In India, a significant number of people face challenges due to limited English proficiency (LEP), with over 350 languages spoken across the country. Language barriers often go unnoticed as a critical factor affecting the quality of healthcare, yet they play a vital role in how well patients adhere to treatment, comprehend medical information, and feel satisfied with their care. In stressful healthcare situations, particularly when patients are experiencing pain, the urge to communicate in their native language becomes even more pronounced.
The LEP community often grapples with adverse social determinants of health (SDOH), leading to disparities in health equity. Typically, these individuals have lower educational attainment and a higher likelihood of living below the federal poverty line compared to the general population in India. While these challenges have long existed within the healthcare system, the COVID-19 pandemic has starkly revealed the severity of the communication gap between patients and providers.
To address these issues in real-time, many healthcare organizations resort to hiring translators. However, this approach may not be the most economical or beneficial for patients, as it can create a barrier in the patient-provider relationship. Additionally, what do patients do when they return home with unanswered questions, or when they feel hesitant to ask certain things in person?
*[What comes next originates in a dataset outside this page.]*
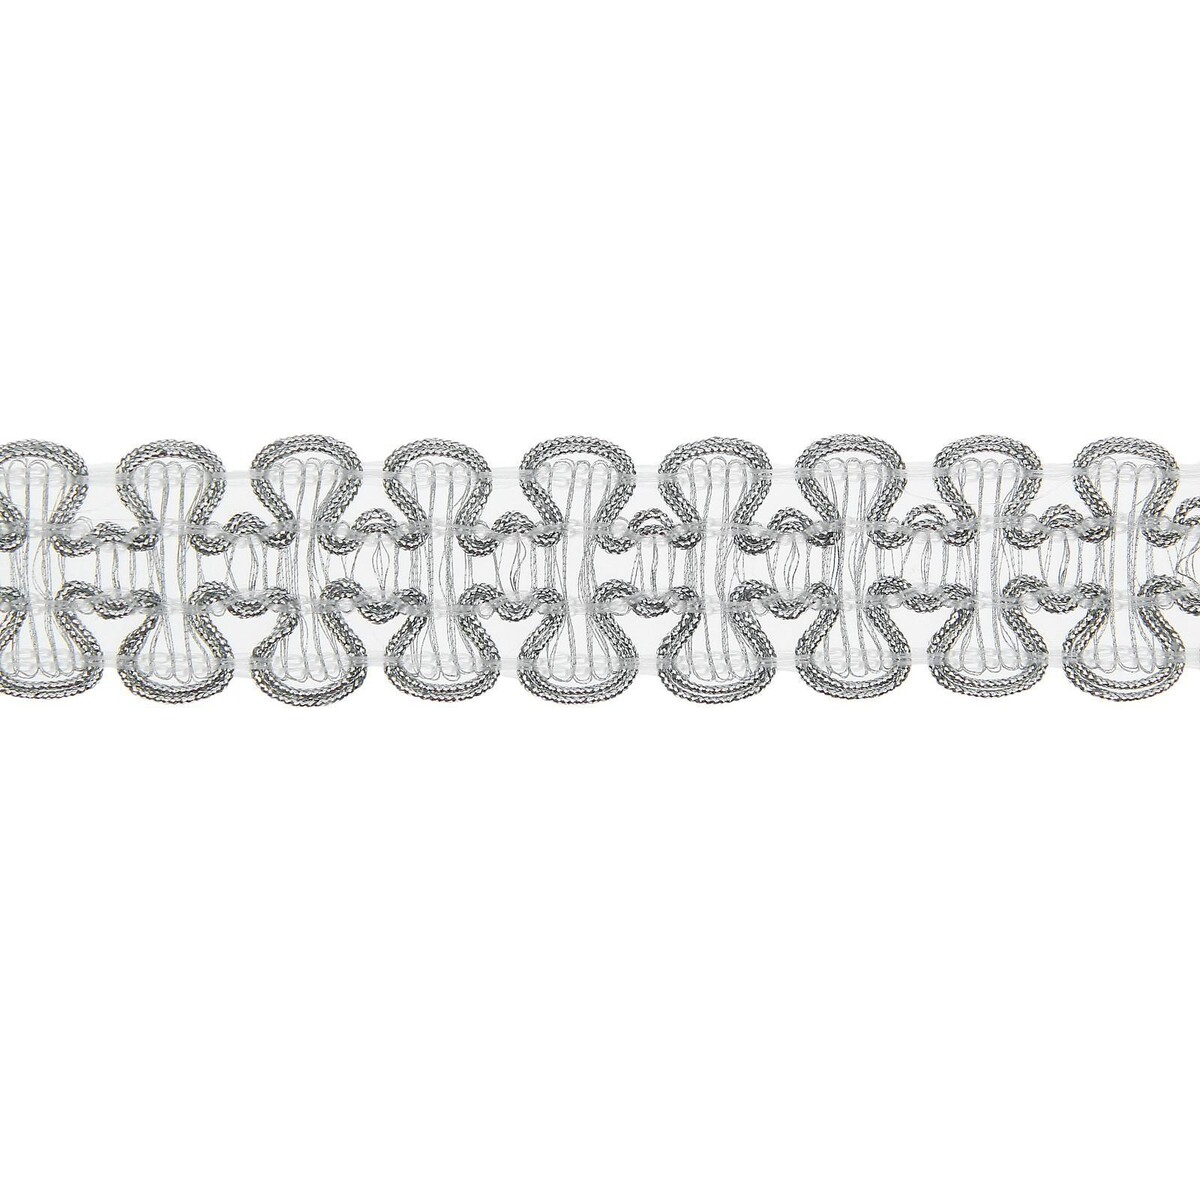 Тесьма плетеная серебряная в рулоне 20 метров защелка врезная зенит 3щ2 бп 00011340 серебряная

To truly empower patients on their healthcare journey, they require round-the-clock, on-demand access to medical information and services, independent of the language they speak. The potential of conversational AI to engage and support a diverse patient demographic has become increasingly recognized, especially in light of the pandemic. As this technology continues to evolve within the healthcare sector, it’s crucial to ensure that no patient population is overlooked.
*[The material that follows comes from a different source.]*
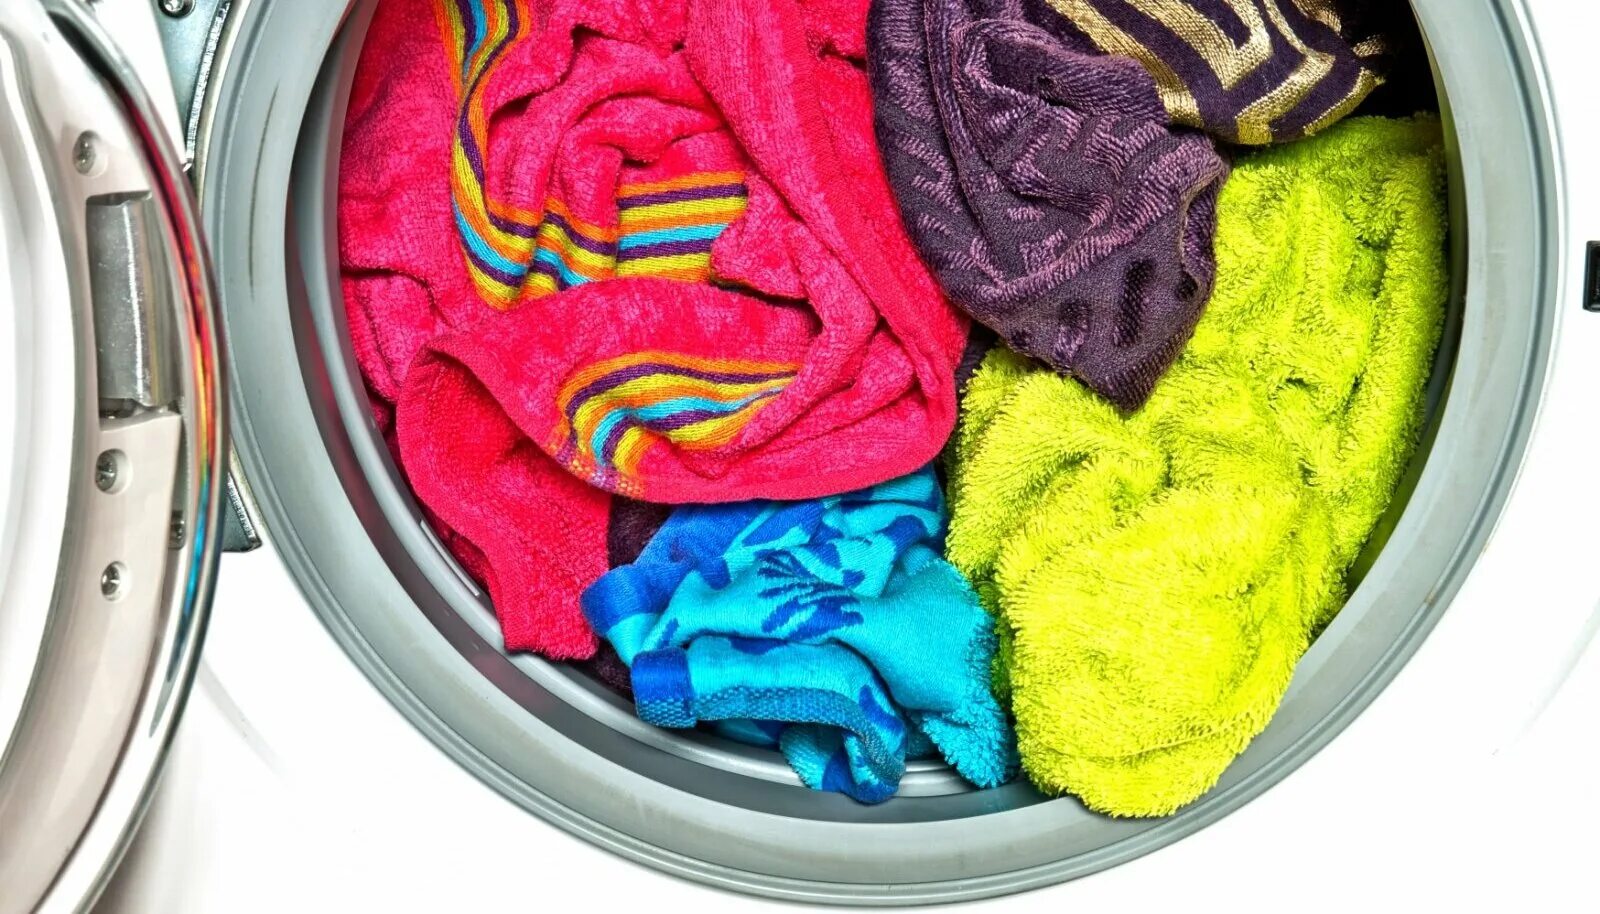 Цветные вещи. Мятое белье в машинке. Вонючее полотенце. Одежда после стирки пахнет затхлостью.

Although chatbots have been a presence for some time, recent advancements in artificial intelligence, natural language processing, and machine translation have reignited interest in these digital assistants. Providing multilingual digital experiences allows healthcare access to reach a broader, global audience. Moreover, it assists specific local groups who may not speak the dominant language of their region.
These chatbots can interact with patients in their native languages and translate conversations seamlessly, which helps ensure effective communication even when there is a language mismatch. Simbo.ai, for instance, utilizes both human and machine translation methods to cater to this need.
Machine translation offers numerous advantages, including cost-effectiveness, 24/7 availability, and easy access to healthcare information for patients. Conversely, human translation is often more suitable for sensitive or urgent matters that demand a more precise and nuanced approach. With multiple languages integrated into our digital health solutions, patients can quickly access, navigate, and receive the care they need.
Currently, Simbo.ai is enhancing a health system’s digital front door solution to accommodate Indian language speakers through machine translation. This initiative engages patients when they visit the healthcare organization’s website, assisting them in finding their way through the care options available. With machine translation implemented, patients can interact with the service in their native Indian language, allowing the system to understand their input and provide accurate responses in the same language.
In India, over 43 million people speak Hindi as their first language, a number that continues to rise. Expanding these digital resources to include this population can significantly boost engagement rates, broadening access to healthcare and enhancing understanding.